On Appeal from and on Petition for Writ of Mandamus to the United States District Court for the Eastern District of Pennsylvania; D.C. Civil No. 90-0674

Greenberg and Cowen, Circuit Judges, and Clarkson S. Fisher, District Judge.*fn* Cowen, J., Circuit Judge, concurring in part and dissenting in part.

Author: Greenberg


GREENBERG, Circuit Judge

American Telephone and Telegraph Company appeals, invoking jurisdiction under the collateral order doctrine, from orders of the United States District Court for the Eastern District of Pennsylvania of July 27, 1990, and November 7, 1990, in this action involving claims brought against it by the Communication Workers of America (CWA) involving two of the Union's units. The complaint alleged that AT&T had contracted work out to nonbargaining unit employees in violation of its agreement not to do so. AT&T moved for a summary judgment, claiming that the contracting out grievances were not justiciable under the collective bargaining agreement and that determinations in grievance processes concerning the disputes were final.*fn1

The district court denied summary judgment by order of July 27, 1990, as to claims arising from the Business Units division, as it found that they were justiciable. It nevertheless dismissed the complaint insofar as it advanced those claims as they had not been properly pleaded. The dismissal, however, was with leave to amend so that they could be correctly asserted. The district court did not rule on the substantive issue raised by AT&T's motion, i.e. that the grievance determinations were final, as to the other unit involved, the Material Management Service unit (MMS), since it found that the MMS claims were subject to an arbitration exhaustion requirement. It thus dismissed the complaint in its entirety. AT&T then moved for reconsideration but the district court denied this motion by order of November 7, 1990.

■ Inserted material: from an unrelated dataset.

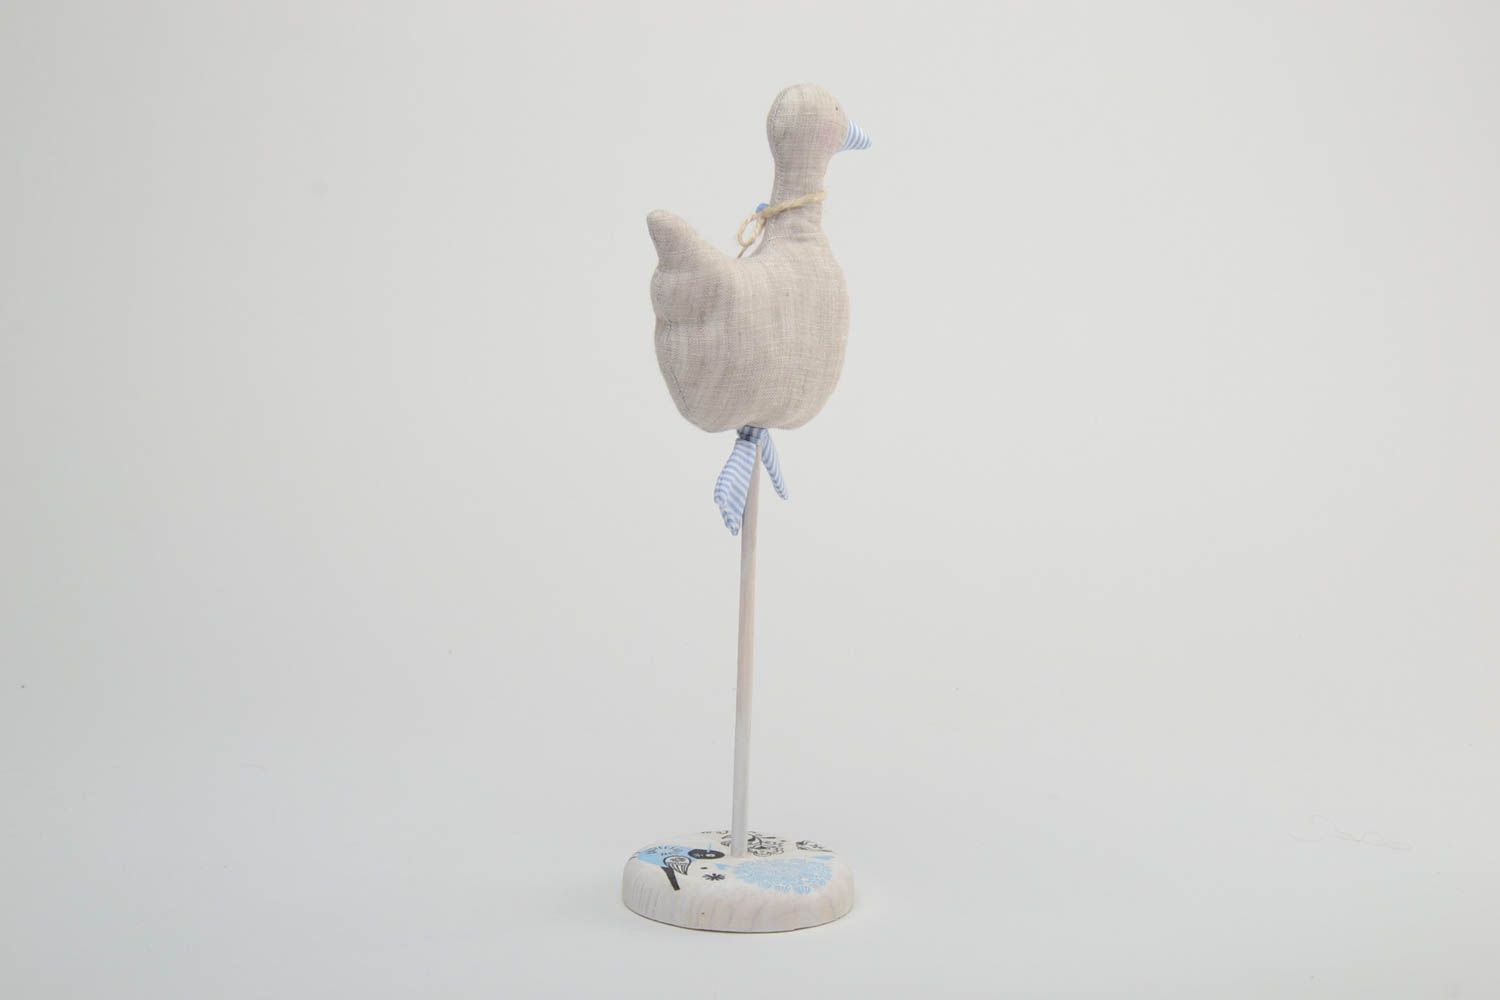 Textil Figur handmade für Dekor aus Leinen auf Holzbasis weiche Ente wunderbar foto 4
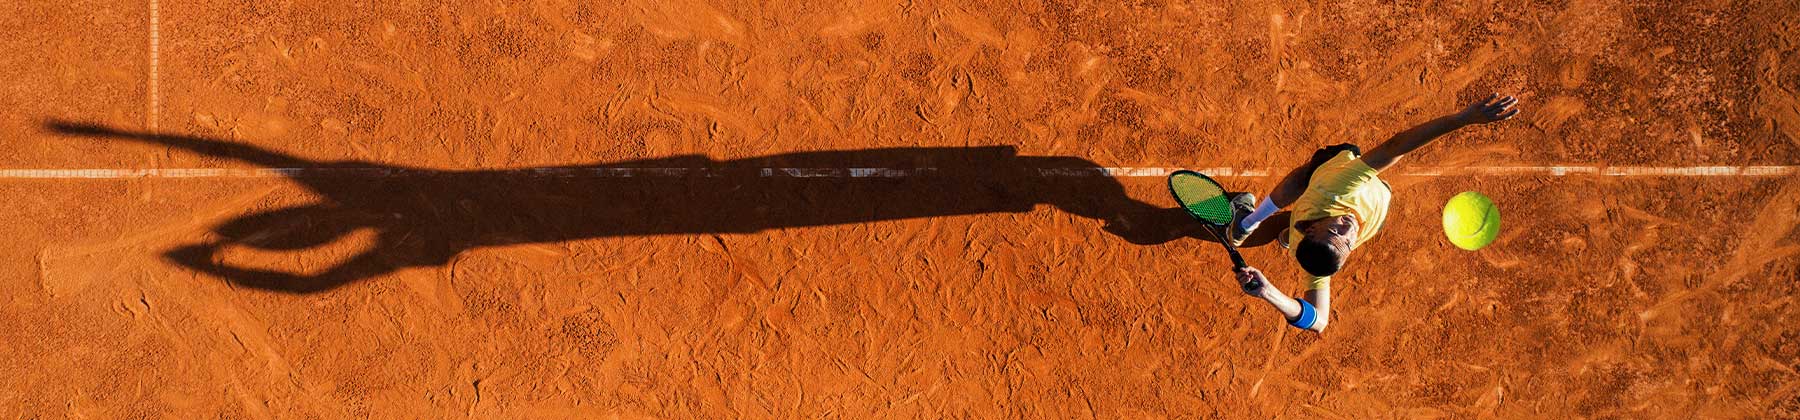 Foto aerae di un tennista che sta per servire su un campo di terra rossa.

In addition to appealing, AT&T has filed a petition for a writ of mandamus under 28 U.S.C. § 1651 asking us to direct the district court to enter judgment in its favor with respect to the Business Units claims. Furthermore, it asks us to direct the district court to vacate its order of arbitrability regarding the MMS claims and to rule on its motion for summary judgment as to those claims. We will dismiss the appeal and deny the petition for mandamus.


The Agreements Between AT&T and the Union

AT&T and the CWA are parties to a National Operations Memorandum of Understanding effective May 28, 1989, through May 30, 1992, applicable to distinct CWA bargaining units by means of separate collective bargaining agreements. The bargaining units involved here, the Business Units and the MMS units, are parties to collective bargaining agreements implementing the Memorandum of Understanding.

The Memorandum of Understanding contains a letter, the Bahr-Williams letter, from Raymond E. Williams, AT&T's Corporate Vice-President of Labor Relations, to Morton Bahr, General President of the International Union, addressing contracting out providing:

Dear Mr. Bahr:

I am writing to respond to the expressions of concern raised at the Operations bargaining table regarding the Company's contracting out of work, which have focused on situations in which a layoff is pending or has occurred (and ex-bargaining unit members retain recall rights) within the same geographical commuting area where the work is to be contracted, and in job titles whose occupants would traditionally have performed such work.

I do not believe that CWA and AT&T have diverse views on this subject.

As to other work normally performed by our employees, we have always preferred not to contract such work out if it would otherwise be performed by bargaining unit employees in job titles in a geographical commuting area (1) where layoffs of such employees are pending; or (2) where a layoff has already occurred and such laid off bargaining unit members retain recall rights and are available to perform such work.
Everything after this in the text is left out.